── Dataset section ──
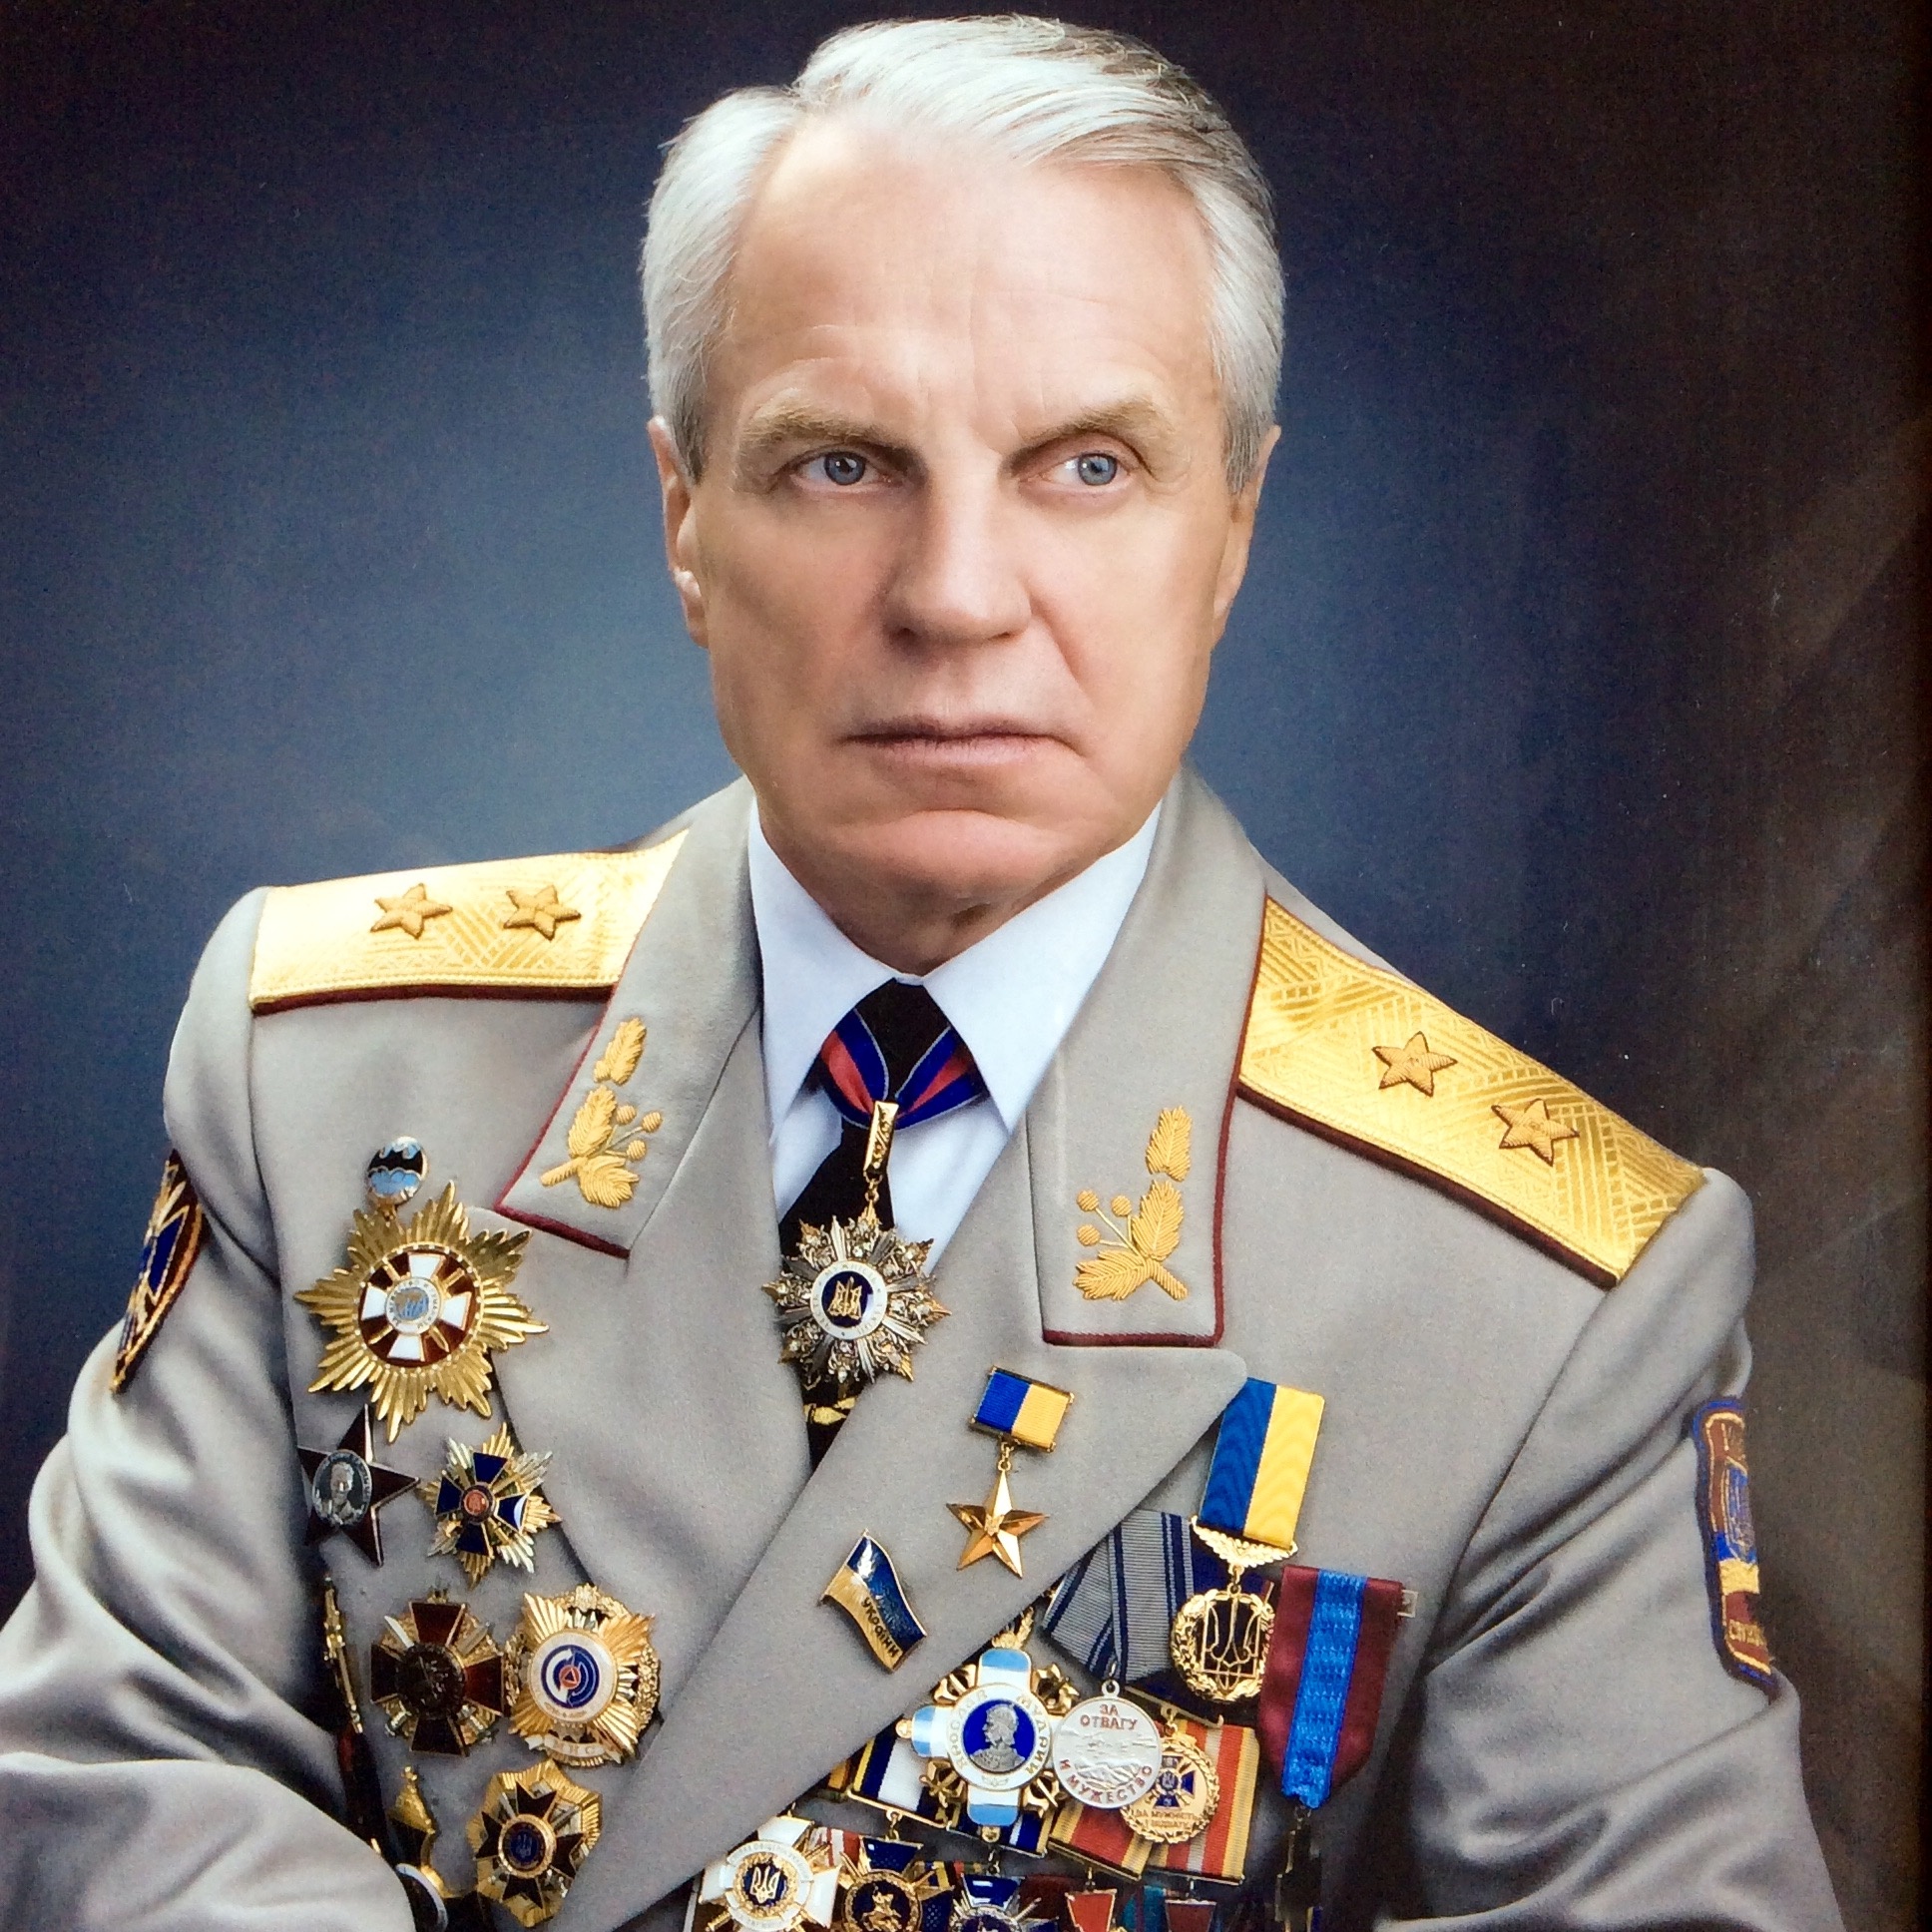 Ukrainec Grigorij Omelchenko - Почем лучше быть генералом, чем рядовым?
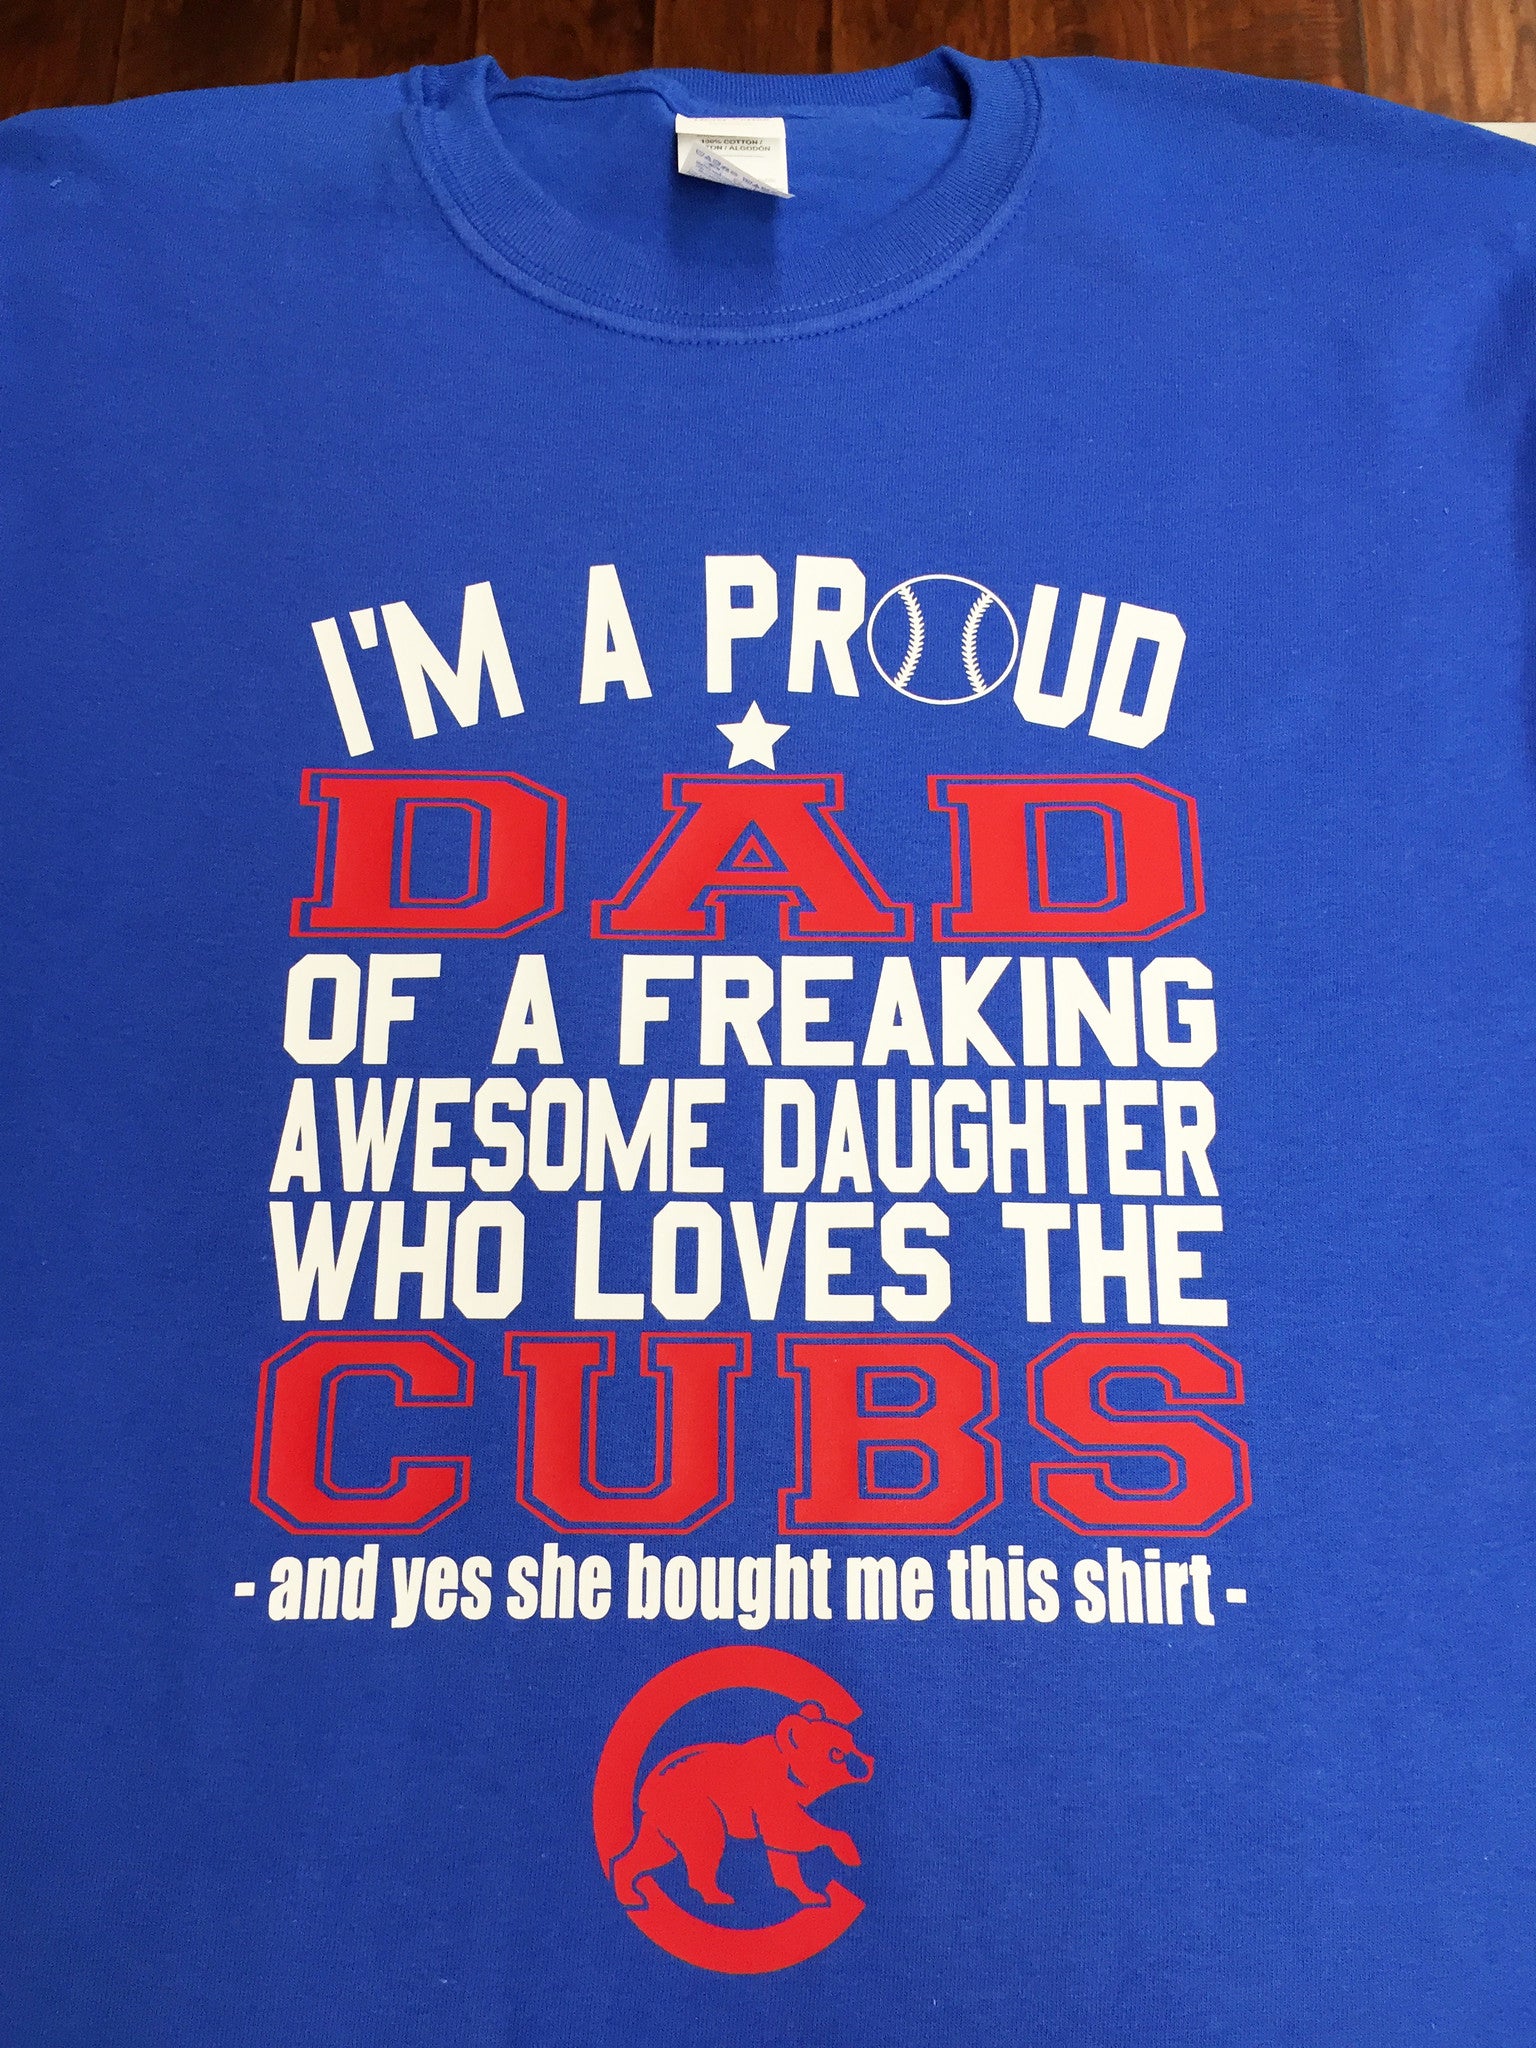 buy cubs shirt
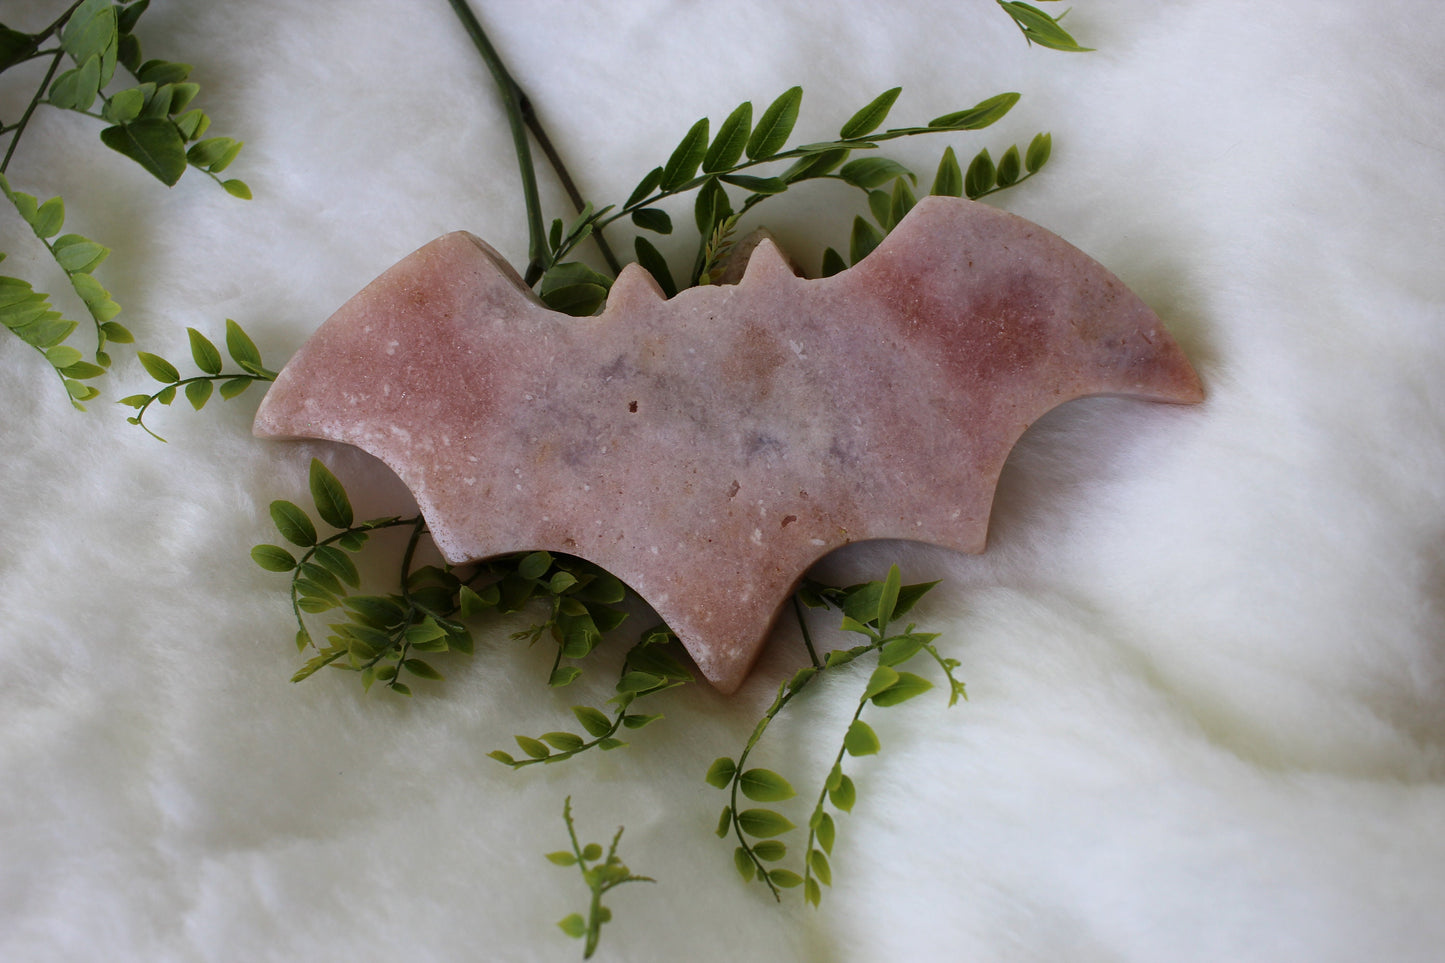 Large Carved Bat - Pink Amethyst Polished Stones | Pink Druzy Crystal Carving Nocturnal Pollinators Brazil
───
### Work instruction
Quote the material above exactly, from the line holding "buy cubs shirt" through its last line, including both. Omit the pictures.

### Finished exercise
 buy cubs shirt
 Large Carved Bat - Pink Amethyst Polished Stones | Pink Druzy Crystal Carving Nocturnal Pollinators Brazil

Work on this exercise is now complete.